Why the scanner is free
The Serge scanner follows a model proven by:
- HubSpot Website Grader (2007) — Free website scoring tool that graded 4 million websites and became HubSpot's primary lead generation mechanism, generating 40,000+ organic backlinks.
- SecurityScorecard (2014) — Free security score widget used by 880,000+ companies and scaled to $140M ARR as a category-defining lead generator.
Both demonstrated that a free, shareable scoring tool can define a category and build authority through transparency and consistency.
Limitations
We believe in being transparent about what the score can and cannot tell you.
What the score measures: Whether the structural conditions for an AI agent to find a product and add it to a cart are in place on your site, based on externally observable signals.
What the score does not measure:
- The actual volume of agent-driven sessions you receive (that's the passive tracking snippet's job)
- Whether a specific agent on a specific day actually completed a specific task (that's Investigate Mode's job)
- Whether your site appears in ChatGPT's answers or Google AI Overviews (that's the GEO layer, covered by other tools)
- Checkout completion beyond the add-to-cart step (future expansion)
- Your backend API reliability or latency (we can't measure these externally)

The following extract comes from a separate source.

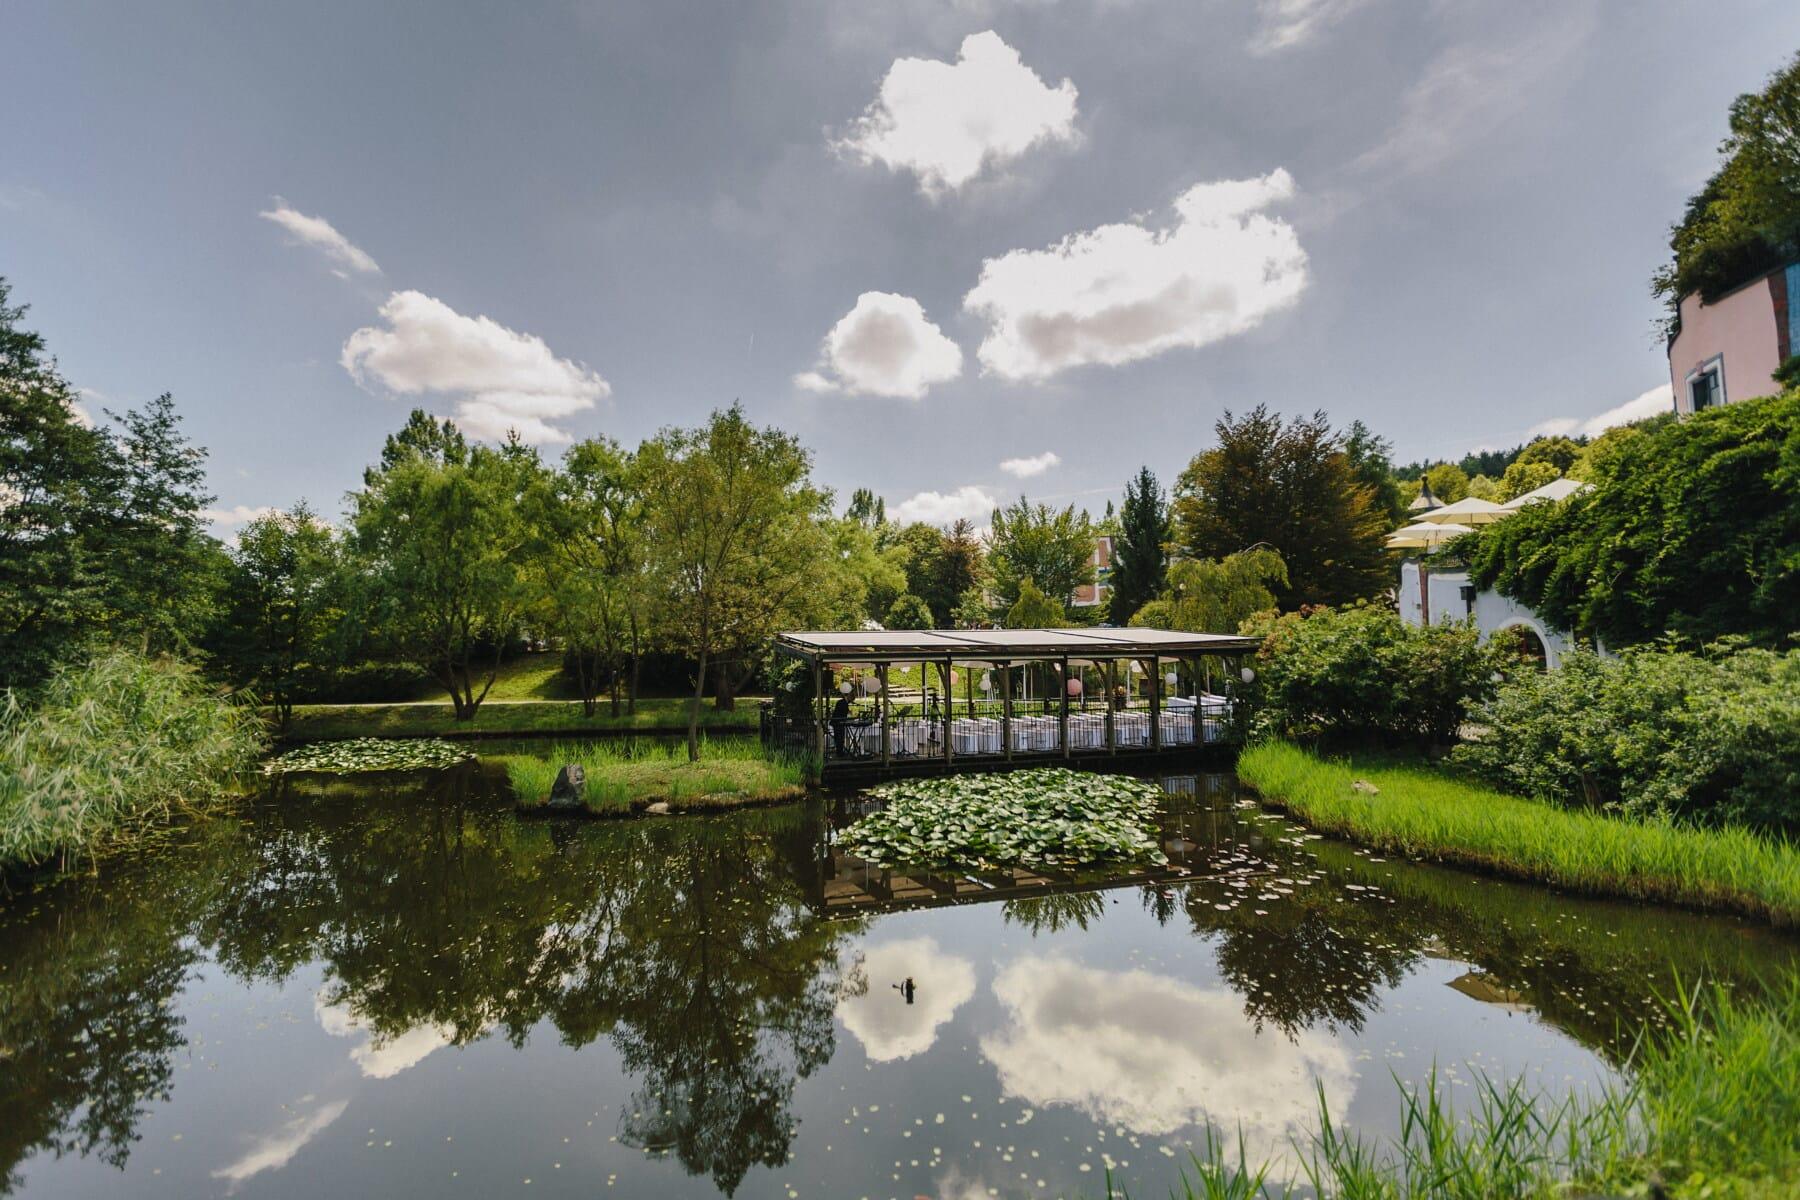 Garten, tropische, Seerose, Immobilien, Hinterhof, Schwimmbad, See, Wasser, Struktur, Natur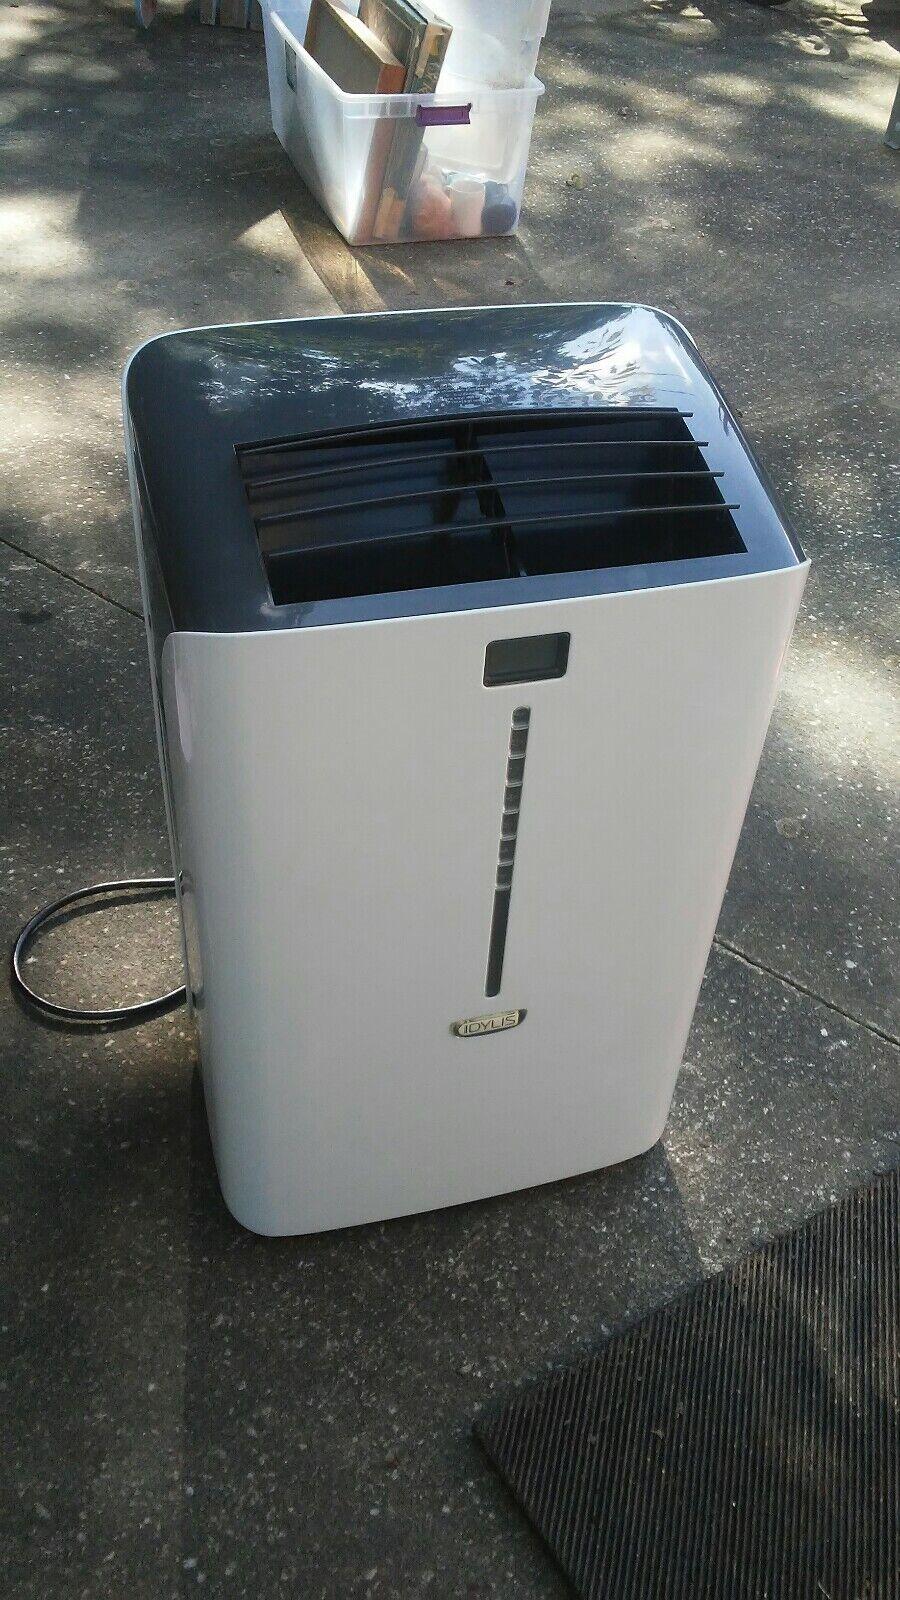 416709   idylis portable air conditioner   en-us.

- The quality of your merchandising or product descriptions from a marketing standpoint
The score is not a guarantee. A high score means the structural conditions for agent success are in place. It doesn't guarantee every agent on every task will succeed. For specific, observable task-completion data, use Investigate Mode (run real agents against your site) or the passive tracking snippet (capture real agent sessions as they happen).
The score is a point-in-time measurement. The agent ecosystem is evolving rapidly. We commit to keeping the framework current and, once the rebuild is complete, to maintaining score stability so that progress can be measured against a stable ruler.
Feedback
We welcome feedback on the methodology. If you believe a check is producing inaccurate results, if we're missing an important signal, or if you have research that should inform the framework, please contact us.
The goal is to get this right — for the e-commerce teams being scored and for the agents trying to shop on their sites.